Не прав ли я, мое дорогое дитя, в том, что обращаюсь с вами как с сыном, жестоко, но потому, что хочу вам добра?
Неужели это восстановит вас против того, кто решился так строго предупредить вас?
Надеюсь, что нет, хотя знаю, что не раз ошибался, рассчитывая на способность людей воспринять искренний совет…»
Имеющийся в нашем распоряжении текст — черновик, сохранившийся в личном архиве издателя Этцеля; никто не может знать, были ли в него внесены изменения перед отправкой Жюлю Верну. К тому же ответ Жюля Верна — если он вообще был — утерян, и о реакции писателя на это письмо ничего неизвестно. Но зная, как Жюль Верн в целом воспринимал в период 1863–1870 годов замечания Этцеля,[95]я могу предположить, что он волей-неволей проглотил этот отказ, особо не жалуясь.
Как отнестись сегодня к отказу издателя? Однозначно ответить трудно, поскольку мы теперь располагаем двумя элементами ответа, которых не могло быть у Этцеля.

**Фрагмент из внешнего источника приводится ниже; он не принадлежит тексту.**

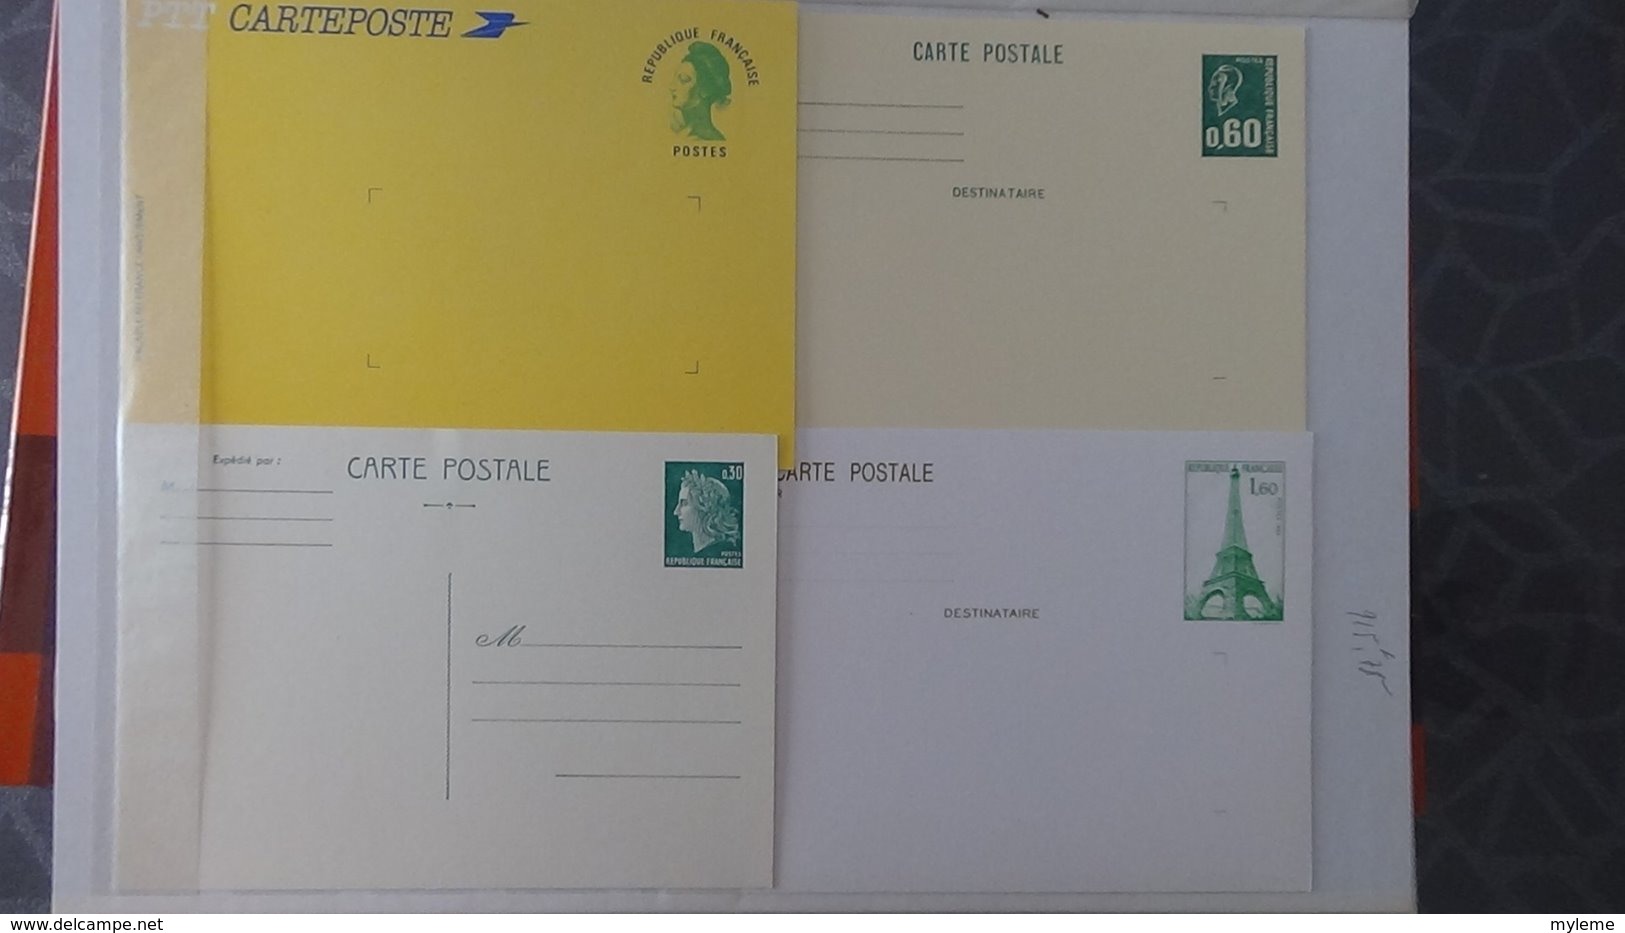 Epreuves du timbres, étapes succésives, imprimerie des timbres, Philexfrance 1999 .... A saisir !!!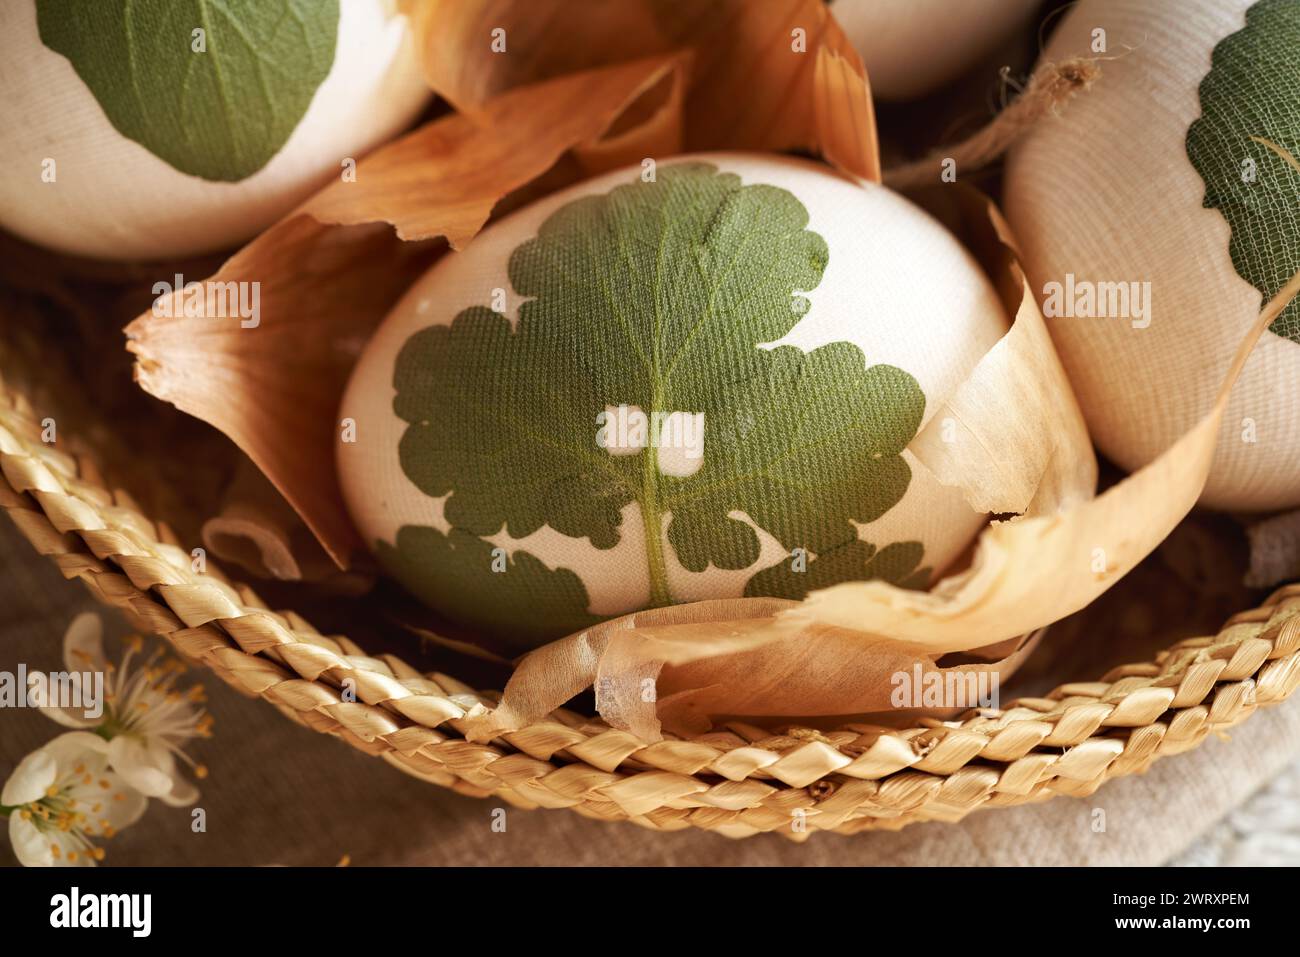 Oeuf de Pâques blanc avec feuille de célandine attachée, prêt à être teint avec des peaux d'oignon Banque D'Images

Во-первых, конечно, мы знаем, кем стал Жюль Верн после публикации «Пяти недель на воздушном шаре» (и, следовательно, все составляющие жюльверновского мира, уже присутствующие в «Париже в XX веке», нам в высшей степени интересны, они завораживают); во-вторых, нам знаком реальный Париж XX века, и, сравнивая реальность с удивительными предвосхищениями молодого Верна, мы не можем не поражаться.
Верно, однако, и то, что Этцель хорошо знал своего читателя, а также был в курсе аналогичных попыток, предпринятых другими писателями до Жюля Верна (напомним: в письме Верну издатель отмечает: «Вы предприняли невозможное, и, так же как и ваши предшественники в такого рода делах, не сумели с этим справиться»).